Sun Shengzi, Guo Binghui, Mi Zhilong, Zheng Zhiming
Beijing Advanced Innovation Center for Big Data and Brain Computing and NLSDE, Beihang University, Beijing, 100191, China.
Peng Cheng Laboratory, Shenzhen, 518055, Guangdong Province, China.
Sci Rep. 2021 Oct 13;11(1):20319. doi: 10.1038/s41598-021-92750-7.

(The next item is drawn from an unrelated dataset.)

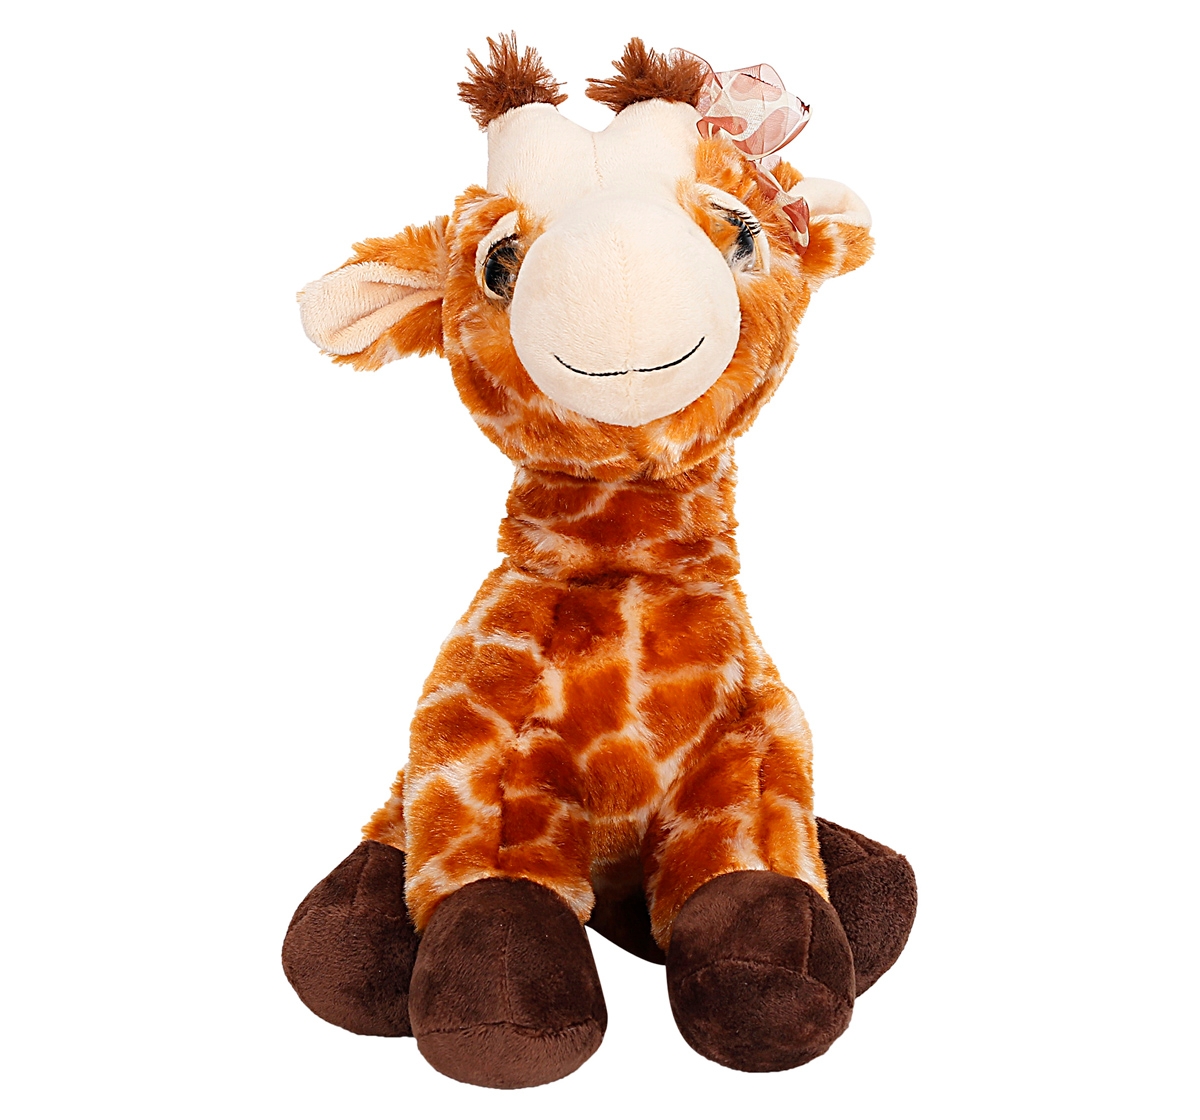 Fuzzbuzz 12cm Lash Giraffe Soft Toy for Kids 3Y+, Multicolour
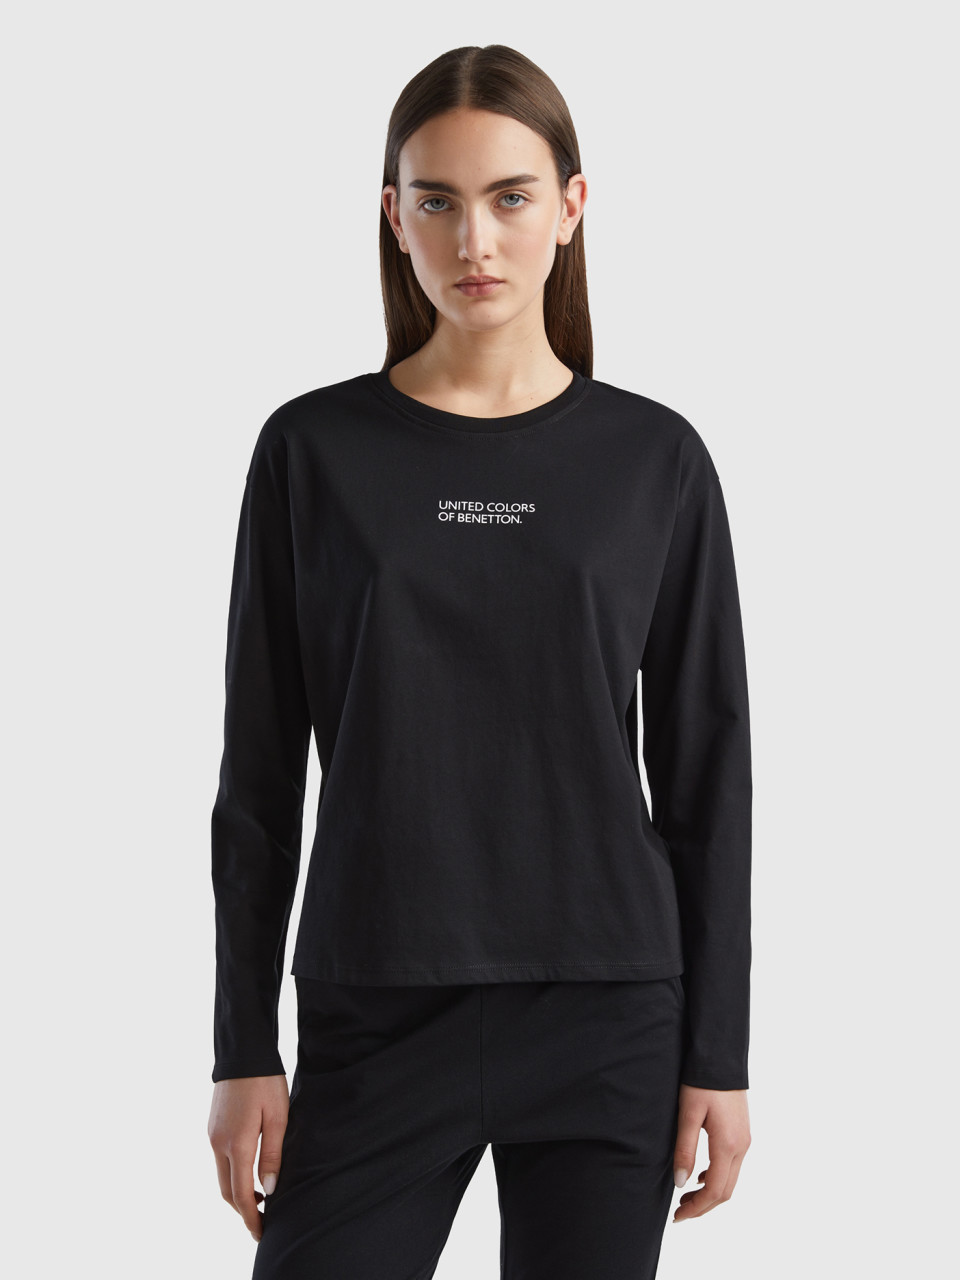 Benetton, T-shirt With Logo Print, Black, Women

Cross-modal retrieval has become a topic of popularity, since multi-data is heterogeneous and the similarities between different forms of information are worthy of attention. Traditional single-modal methods reconstruct the original information and lack of considering the semantic similarity between different data. In this work, a cross-modal semantic autoencoder with embedding consensus (CSAEC) is proposed, mapping the original data to a low-dimensional shared space to retain semantic information. Considering the similarity between the modalities, an automatic encoder is utilized to associate the feature projection to the semantic code vector. In addition, regularization and sparse constraints are applied to low-dimensional matrices to balance reconstruction errors. The high dimensional data is transformed into semantic code vector. Different models are constrained by parameters to achieve denoising. The experiments on four multi-modal data sets show that the query results are improved and effective cross-modal retrieval is achieved. Further, CSAEC can also be applied to fields related to computer and network such as deep and subspace learning. The model breaks through the obstacles in traditional methods, using deep learning methods innovatively to convert multi-modal data into abstract expression, which can get better accuracy and achieve better results in recognition.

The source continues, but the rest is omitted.